Il ressort des écritures des parties concordantes sur ce point que B n’a pas eu de contact avec son père depuis plus de deux ans. Il ressort également du rapport de l’espace de rencontre APCE en date du 11 juillet 2018, que les dernières rencontres réalisées ont été particulièrement conflictuelles et ont conduit l’association à interrompre leur mission, B manifestant une opposition massive et un refus catégorique de parler à son père.
Compte tenu de l’âge de B, bientôt majeure (17 ans et 8 mois) de la relation particulièrement conflictuelle entre son père et elle, de l’impossibilité de Madame H I-A d’apaiser ces tensions, il est nécessaire que B renoue progressivement un lien avec son père dans un lieu qui permettra d’envisager sereinement les prochains échanges qu’elle pourra avoir avec lui, eu égard l’importance pour l’enfant de maintenir des relations personnelles avec le parent chez qui elle ne réside pas. Il conviendra de fixer au profit du père un droit de visite simple à l’égard de B les dimanches des semaines paires de 11 à 15 h à charge pour celui-ci d’aller chercher B et de la ramener au domicile de sa mère.
Les modalités d’exercice de ce droit de visite seront précisées au dispositif de la présente décision.
- 11 -
Sur la contribution à l’entretien et à l’éducation des enfants :
Aux termes de l’article 371-2 du code civil, chacun des parents contribue à l’entretien et à l’éducation des enfants à proportion de ses ressources, de celles de l’autre parent, ainsi que des besoins de l’enfant. Cette obligation ne cesse de plein droit ni lorsque l’autorité parentale ou son exercice est retiré, ni lorsque l’enfant est majeur.
L’article 373-2-2 I. du code civil ajoute qu’en cas de séparation entre les parents, ou entre ceux-ci et l’enfant, la contribution à son entretien et à son éducation prend la forme d’une pension alimentaire versée, selon le cas, par l’un des parents à l’autre ou à la personne à laquelle l’enfant a été confié. Les modalités et les garanties de cette pension alimentaire sont fixées par :
1. une décision judiciaire,
2. une convention homologuée par le juge,
3. une convention de divorce ou de séparation de corps par consentement mutuel selon les modalités prévues à l’article 229-1,
4. un acte reçu en la forme authentique par un notaire,
5. une convention à laquelle l’organisme débiteur des prestations familiales a donné force exécutoire en application de l’article L.582-2 du code de la sécurité sociale, Il peut être notamment prévu le versement de la pension alimentaire par virement bancaire ou par tout autre moyen de paiement.

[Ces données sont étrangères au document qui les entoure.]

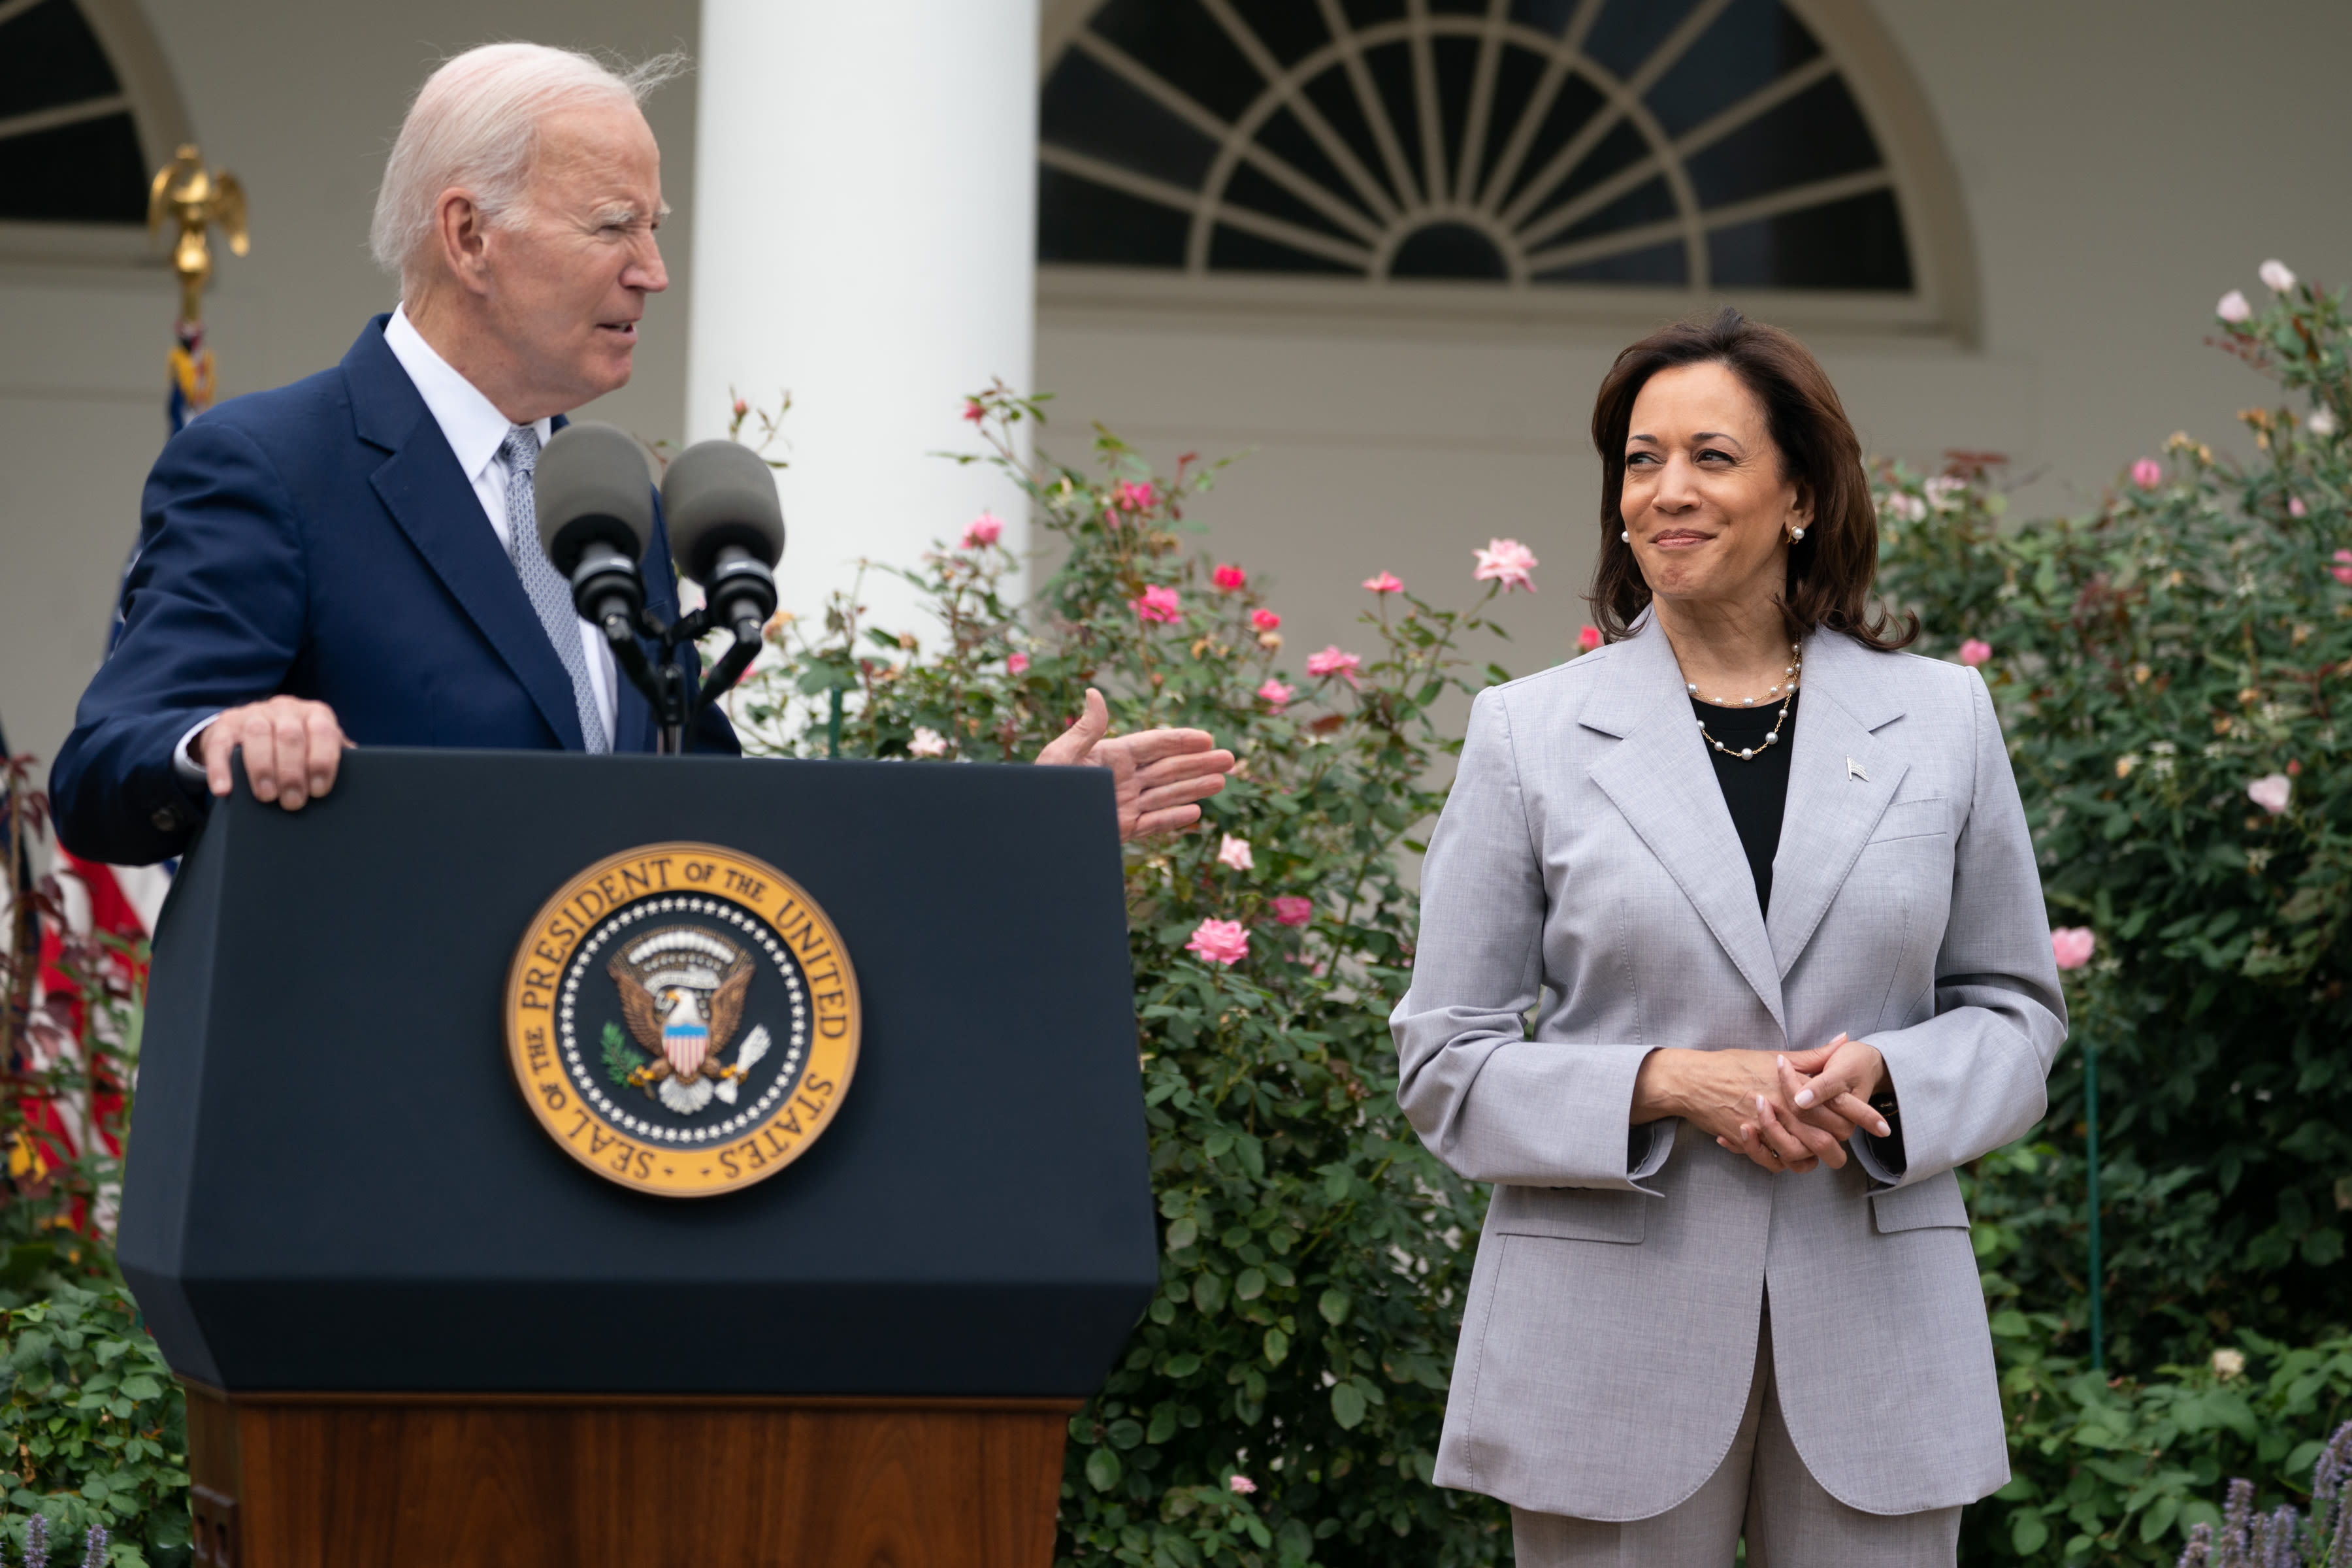 Opinion | Harris’s electoral path will probably be more like Biden’s than Obama’s

Cette pension peut en tout ou partie prendre la forme d’une prise en charge directe de frais exposés au profit de l’enfant ou être, en tout ou partie, servie sous forme d’un droit d’usage et d’habitation.

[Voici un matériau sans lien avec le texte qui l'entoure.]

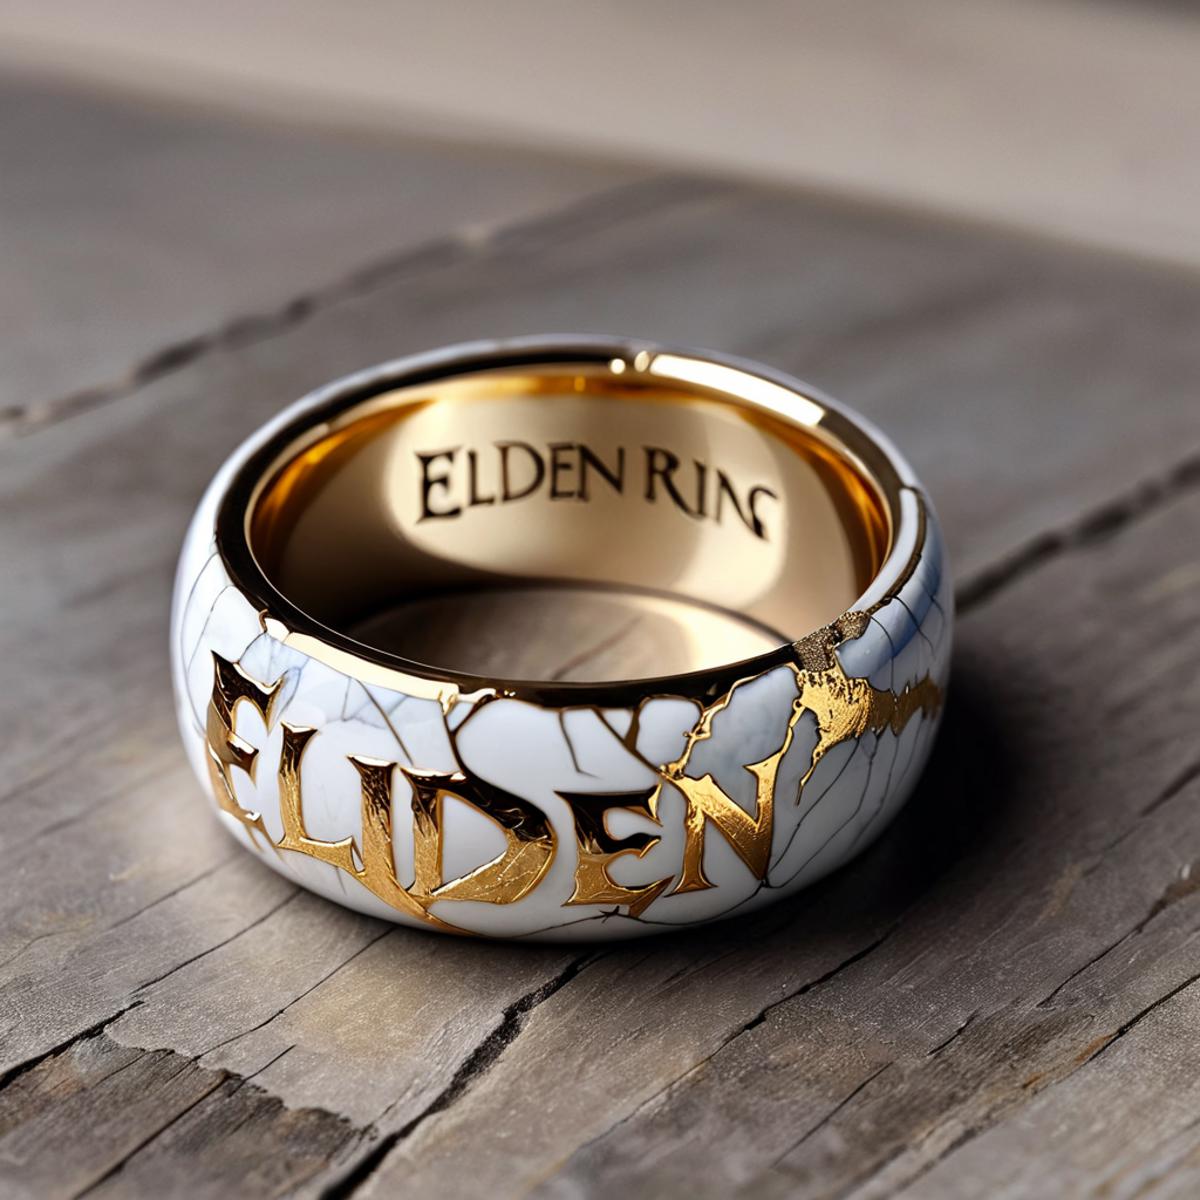 A gold and white ring with the word "Elden" written on it.

Lorsque la pension est fixée en tout ou partie en numéraire, son versement par l’intermédiaire de l’organisme débiteur des prestations familiales au parent créancier peut être prévu pour la part en numéraire dans les conditions fixées par le II. du même article (applicable au 1er juin 2020 sauf menaces et violences d’application immédiate).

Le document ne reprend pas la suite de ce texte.